The diagram now carries each biome’s identity twice, once in the color and once in the label. By a strict reading of Edward Tufte’s data-ink principle, that redundancy is waste: two marks for one fact. But the strict reading assumes one reader in one medium. The label is the channel that survives what the color cannot: the grayscale copy, the dim projector, the reader who cannot separate the greens. In an accessibility context the redundant channel is not waste. It is the design.

The second channel does more than back up the first. On the iconic palette the two agree: “Fst” sits on green, “Dsrt” on tan, so the label and the color say the same thing and the reader gets one coherent signal rather than two to reconcile. And because the abbreviations share systematic stems, they line up. The Trop labels gather on the warm side of the diagram, the Tmp labels in the temperate middle, the shared Dsrt suffix along the dry edge. The labels trace the diagram’s own two axes. They do not only identify the biomes; they teach the temperature and precipitation logic of the classification, and they do it whether or not the color is there to help.

This is the resolution the chapter promised. The diagram is informative and useful at once, not because a perfect palette was found, but because the two jobs were given to two channels. Color does what color does well. The label does the rest.

7.5 A map is a harder problem

The diagram is settled. But the diagram is not the only place a biome classification is shown. The other is the map, and on a map color meets a harder problem than the diagram ever posed.

The Whittaker diagram is a fixed shape. Its nine polygons have a settled size, position, and adjacency; a palette is designed against that one arrangement and is done. A map has no fixed shape. A biome on a map is a geographic region, and that region can be large or small, a broad solid field or a thin meandering sliver, and it differs on every map. The palette must hold across all of it. A color that works as a diagram polygon can vanish where its biome narrows to a few cells, or overwhelm the map where its biome covers half the state. This variable geometry is the new constraint, the same diagram-to-map shift the rest of the document is built on, now reaching color.

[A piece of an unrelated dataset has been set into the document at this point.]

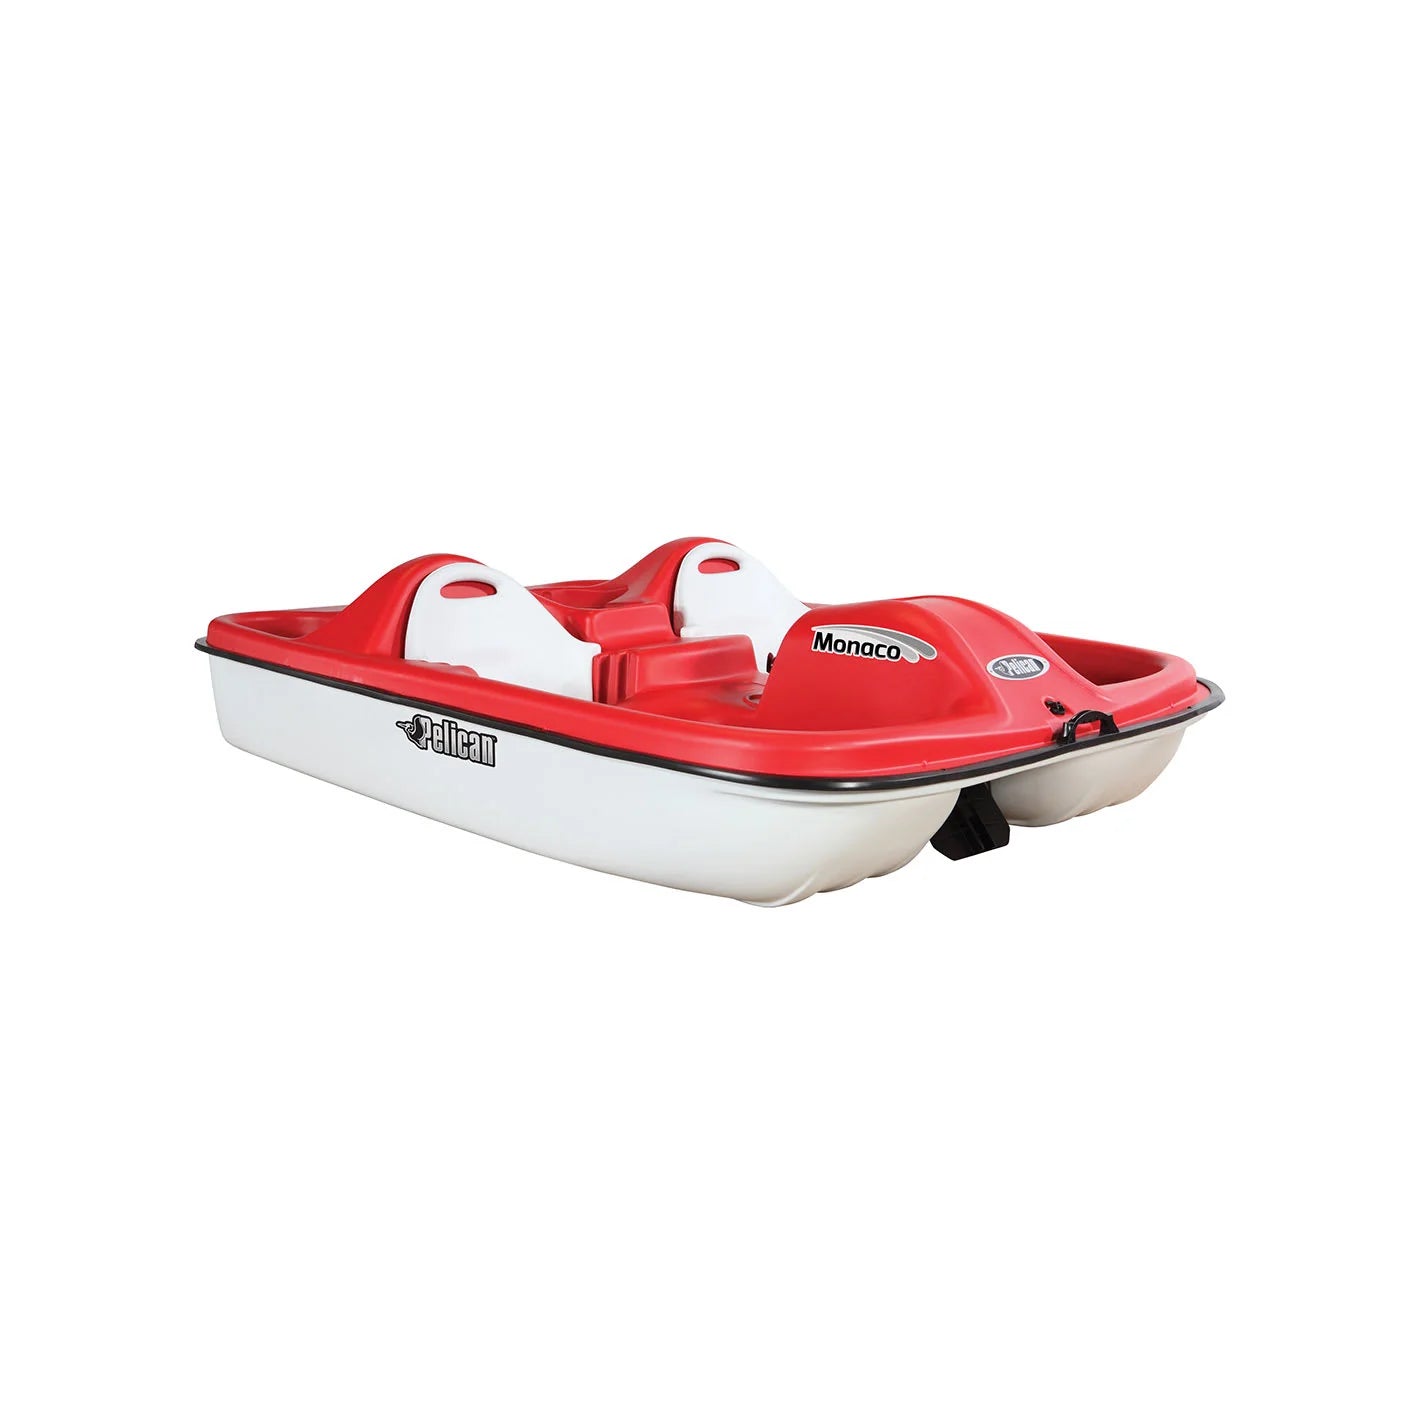 Pelican Pedal Boat - Monaco Red & White

A map also decides what the palette must do. Take Oregon. It is mostly forest, with three forest types among its five biomes, so a palette for an Oregon map has to separate those greens sharply. The iconic palette does not. Its forest greens, close enough to read as one family on the diagram, crowd into near-sameness on a map where forest is most of what there is.

Show the code
## the Oregon biome map under the iconic palette.
## oregon_map is built with map_biomes(); see the Mapping chapter.
plot_biome_map(oregon_map, palette = "ricklefs",
               file = "images/oregon_ricklefs.png")

Oregon under the Ricklefs palette. On a forest-dominated map, the iconic greens crowd toward sameness.

The response is a palette built for this map. Two things make it possible. First, separation is a finite budget: nine colors hold only so much distinctness, and a palette is always an allocation of it. The question is only where to spend. Second, a regional map rarely needs all nine biomes. Oregon has five. That is not a loss but a freedom; the budget that would have been stretched across nine is concentrated on five. The custom palette spends it where this map needs it: the three forest types pushed far apart, the large quiet expanses given calm colors, the small meandering biomes given the salient ones.

Show the code
## the same map under the custom, purpose-tuned palette
plot_biome_map(oregon_map, palette = "custom",
               file = "images/oregon_custom.png")

Oregon under the custom palette, tuned for this map: the forest types pushed apart, the large expanses kept calm.

That is the end of what the palette itself can do. It cannot be informative and useful for every map at the same time; it can be tuned, for one map and its biomes, and paired with the label for the rest. Purpose-tuning is the palette’s last move, and it points past the palette. To tune a palette to a map assumes there is a map to tune it to, and making biome maps is a subject of its own. That is the next chapter.